Material provided:
%%

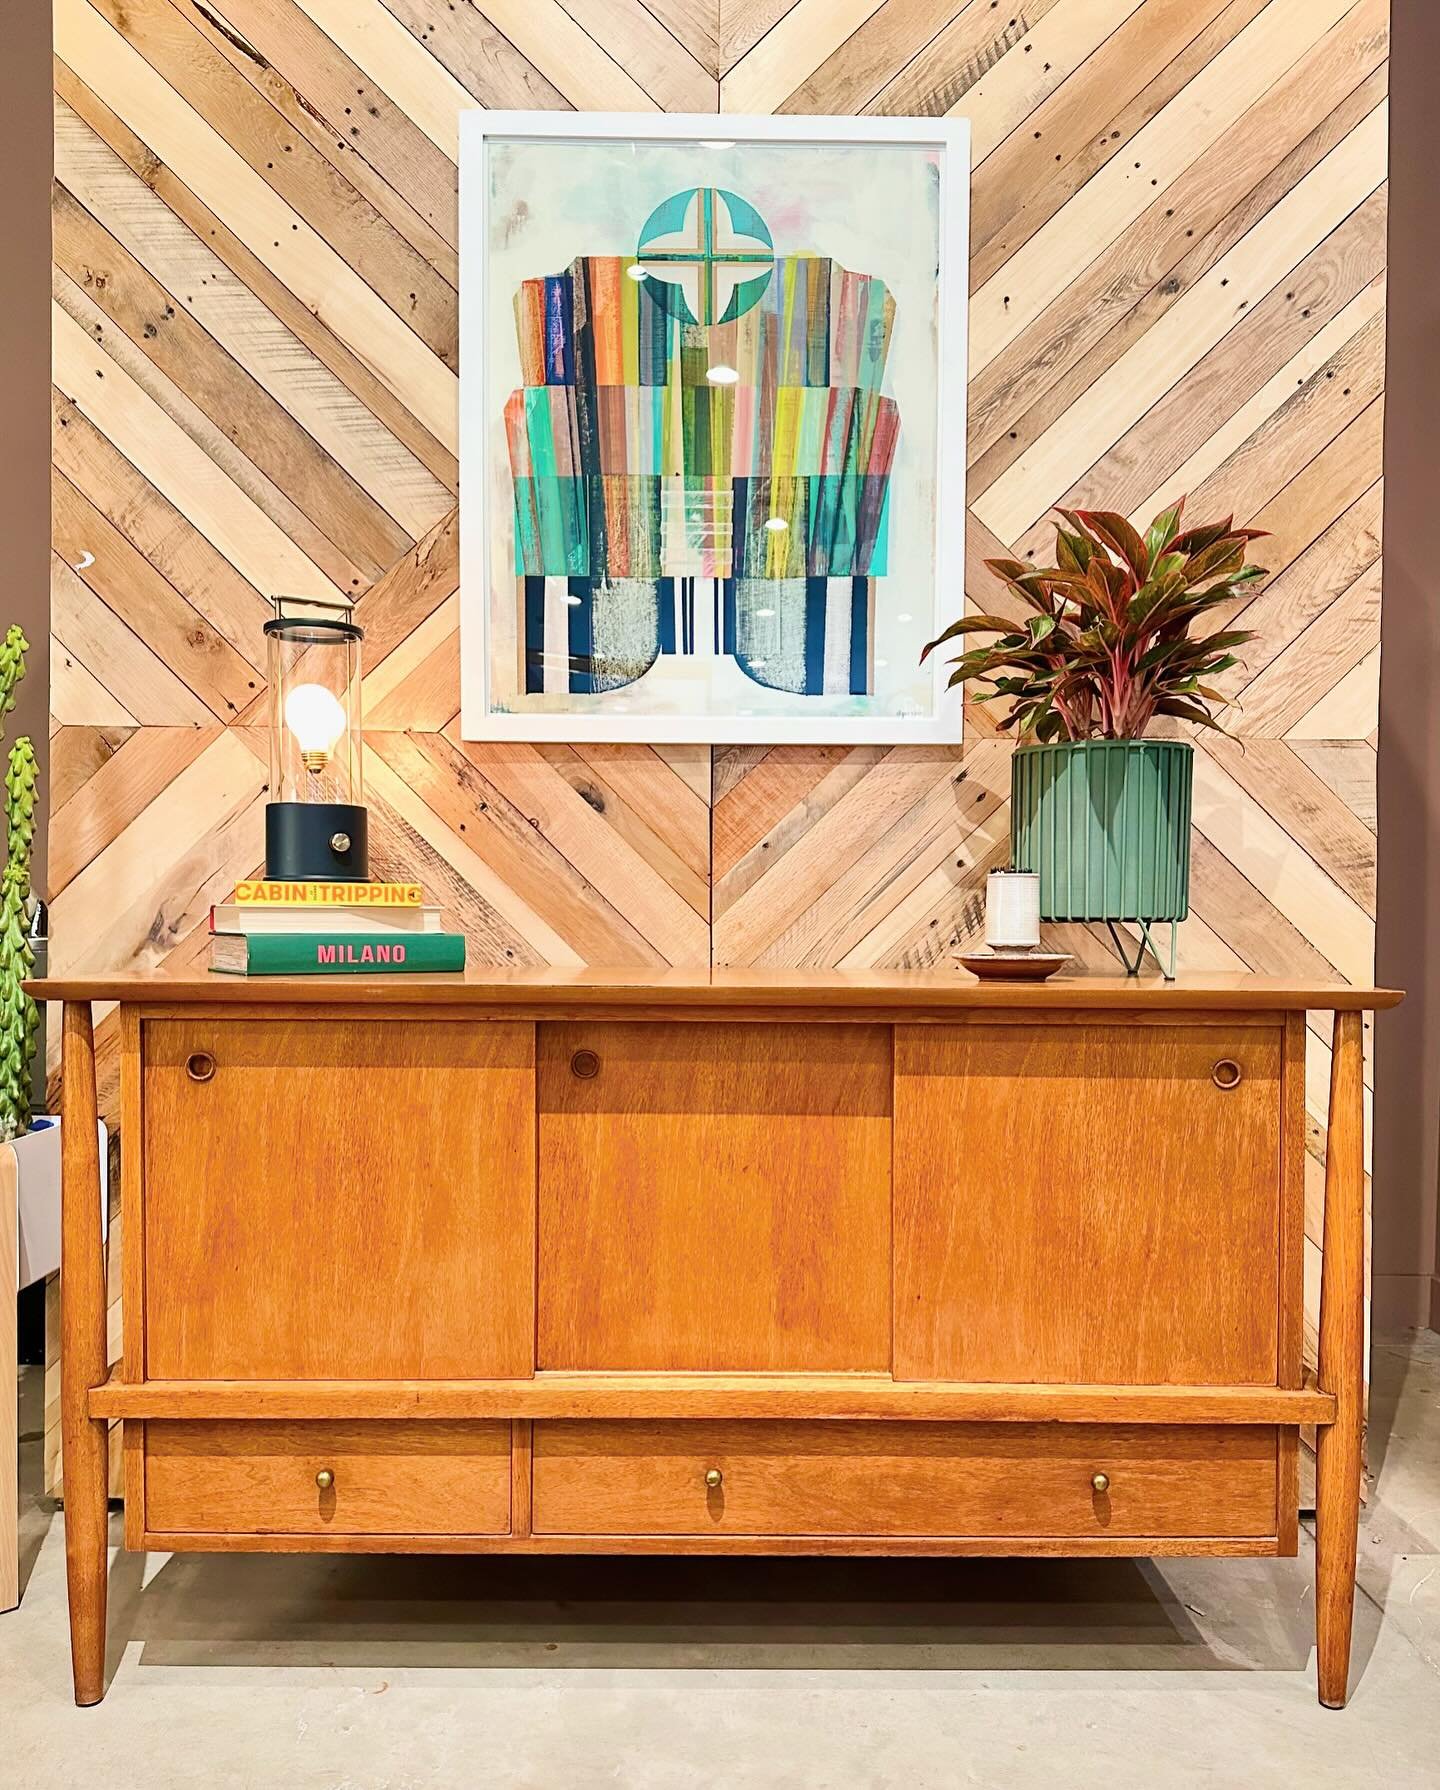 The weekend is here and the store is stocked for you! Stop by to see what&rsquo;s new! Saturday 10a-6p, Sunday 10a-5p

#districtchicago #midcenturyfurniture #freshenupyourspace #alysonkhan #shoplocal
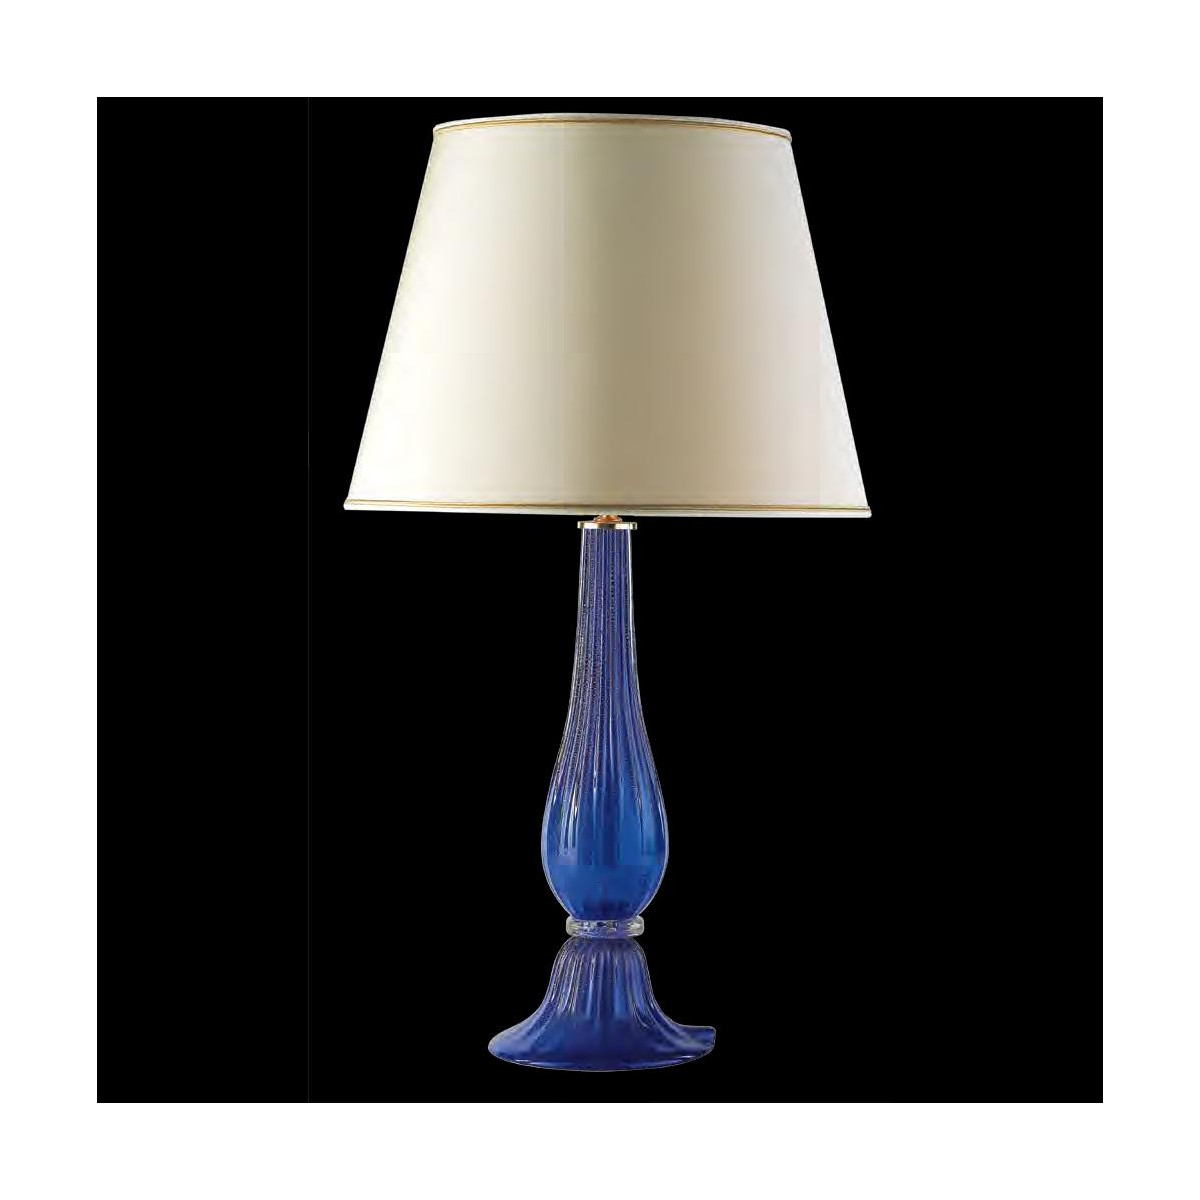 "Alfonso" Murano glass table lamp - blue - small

%%
%%

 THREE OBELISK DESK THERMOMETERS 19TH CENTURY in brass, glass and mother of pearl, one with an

%%
%%

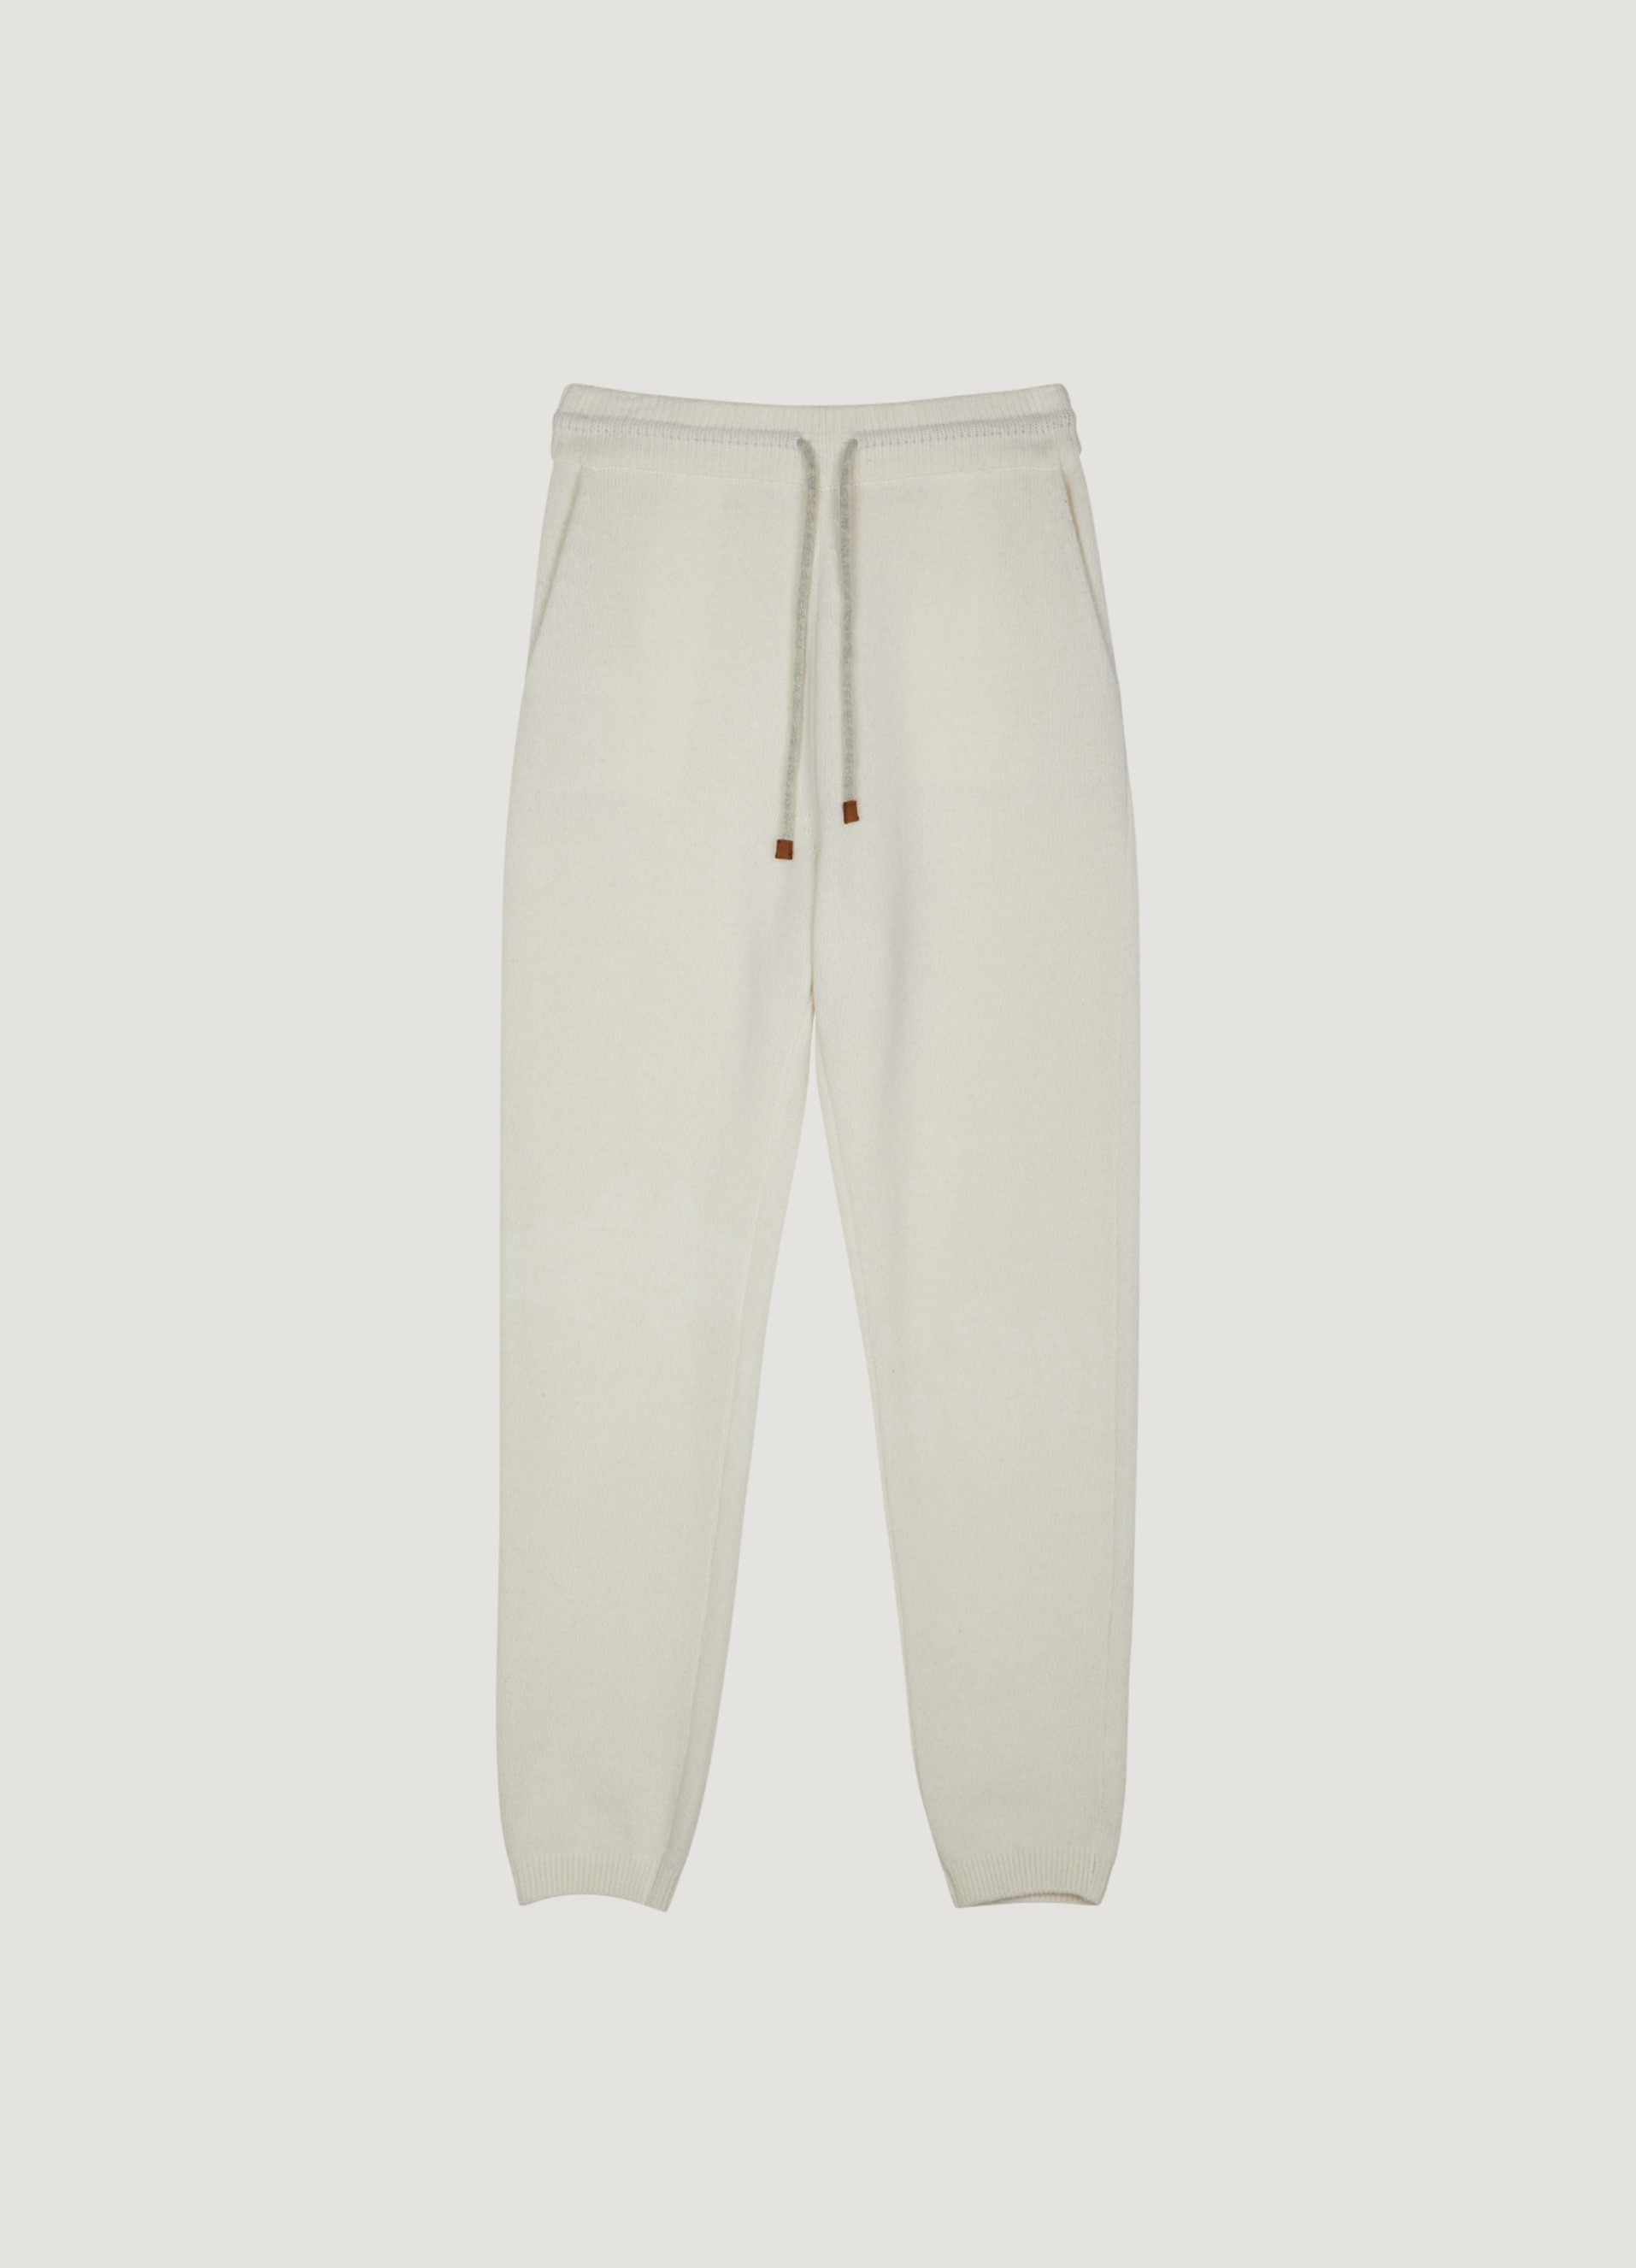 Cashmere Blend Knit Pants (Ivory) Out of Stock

%%

What is needed: Here the job is to copy the listing above word for word, starting at the line with "The weekend is" and ending at the line with "blue - small", and to leave out the pictures.

Answer to the problem:
 The weekend is here and the store is stocked for you! Stop by to see what&rsquo;s new! Saturday 10a-6p, Sunday 10a-5p

#districtchicago #midcenturyfurniture #freshenupyourspace #alysonkhan #shoplocal
 "Alfonso" Murano glass table lamp - blue - small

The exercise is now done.